La paz, un camino en dirección contraria al sentido de época.
Se trata, nos convocan, de pensar los caminos de un dialogo que fecunde paz. Y lo primero que uno advierte es que es un desafío al sentido común, al pensamiento “realista” y “posibilista” (en el peor sentido de estos términos, el de dar por inmodificable la correlación de fuerzas y la Tendencia de Epoca) porque si algo va quedando claro de este mundo post guerra fría y post crisis de los vencedores de la guerra fría; en este mundo que combina toda clase de crisis: económicas, alimentarias, medio ambientales que confluyen en una crisis de dominación imperial sin precedentes en siglos, es que América Latina se convierte -cada día que pasa- en el lugar elegido por el imperialismo norteamericano para librar su batalla final.
El levantamiento del pueblo egipcio es acaso la noticia más importante de la segunda década del siglo nuevo.
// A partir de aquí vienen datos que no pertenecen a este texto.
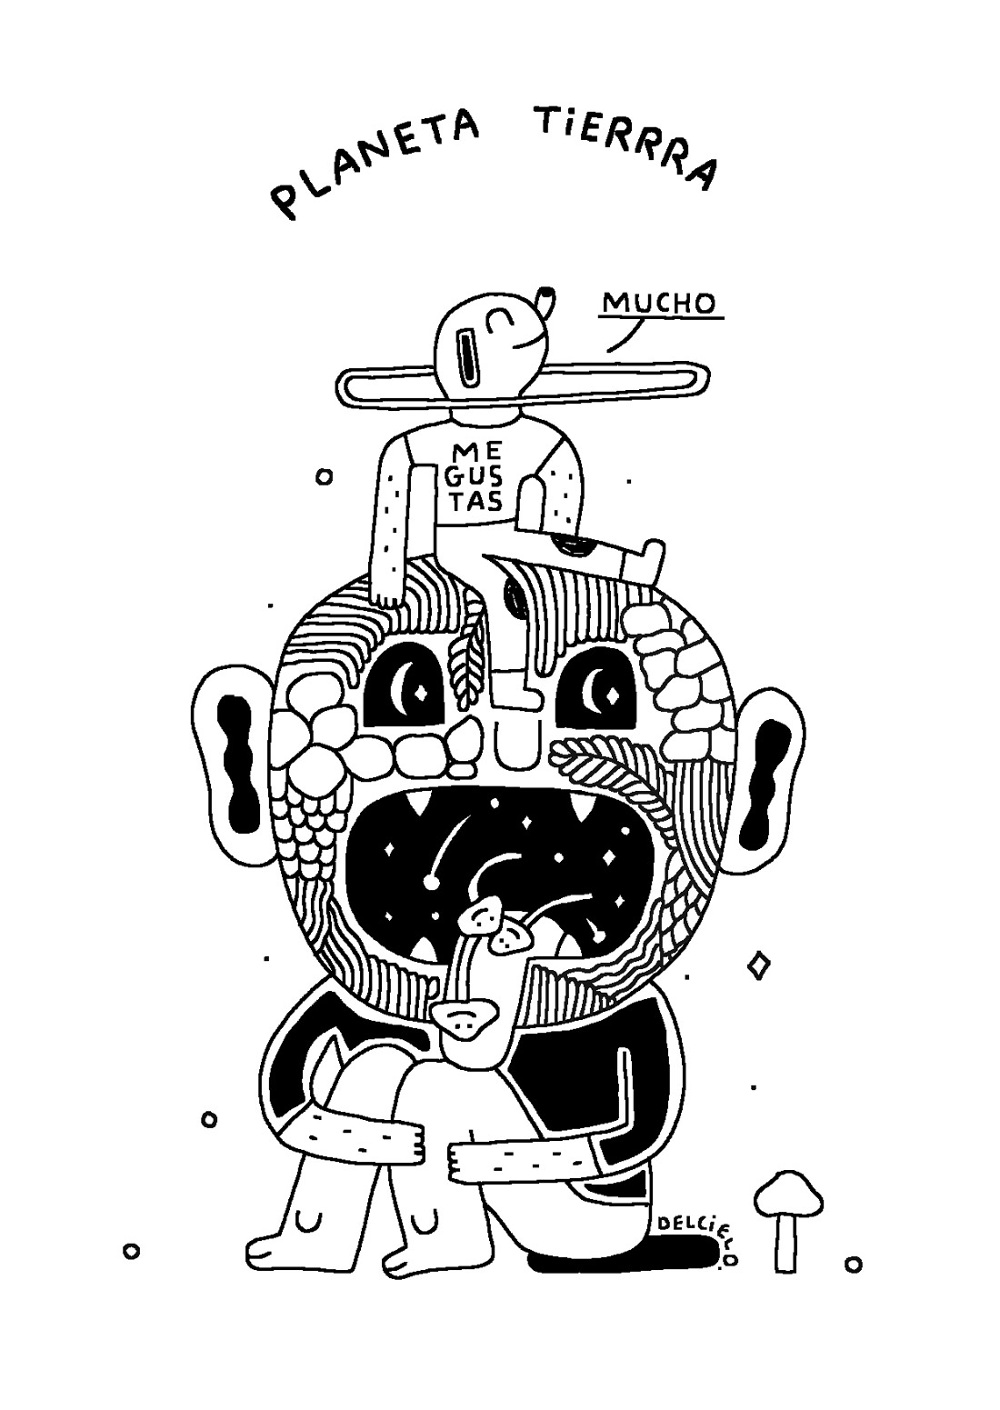 Black White Drawings Pablo Delcielo Illustrator

Cuestiona el status quo de un lugar clave para el Imperio como Medio Oriente y llena de esperanzas la causa del pueblo palestino y toda la gran nación árabe; pero así como Vietnam tuvo mucho más que ver con la tragedia latinoamericana que lo que normalmente se acostumbra pensar, el ciclo de rebeliones árabes -que ya tumbó al gobierno de Túnez y al de Egipto-, (recordemos que antes que alumbraran los nuevos gobiernos progresistas de América Latina, los pueblos tumbaron nueve presidentes en una seguidilla de rebeliones antineoliberales a la cual también aportamos los argentinos con nuestro Diciembre de 2001), puede originar un proceso de cambios similares (si no en la forma , sí en el sentido de perdida de capacidad de hegemonía por parte de los EE.UU.) que paradójicamente, refuercen la obstinación yankee en mantener América Latina como “su” patio trasero, incluso abandonando las “buenas maneras” de las “democracias restringidas” que tuvo que aceptar cuando se agotaron las dictaduras militares; que para eso volvió la Cuarta Flota, reemplazan la base perdida en Ecuador con un despliegue colosal en Colombia y mayor presencia militar en todos lados, como se evidenció aquí mismo con el avión yanqui que venía a “adiestrar” nuestra Policía, como si después de tantos años de Terrorismo de Estado y tantos años de “gatillo fácil” en democracia, los Federales o la Bonaerense necesitaran adiestramiento para reprimir o ejercer el control social sobre los pobres y los jóvenes.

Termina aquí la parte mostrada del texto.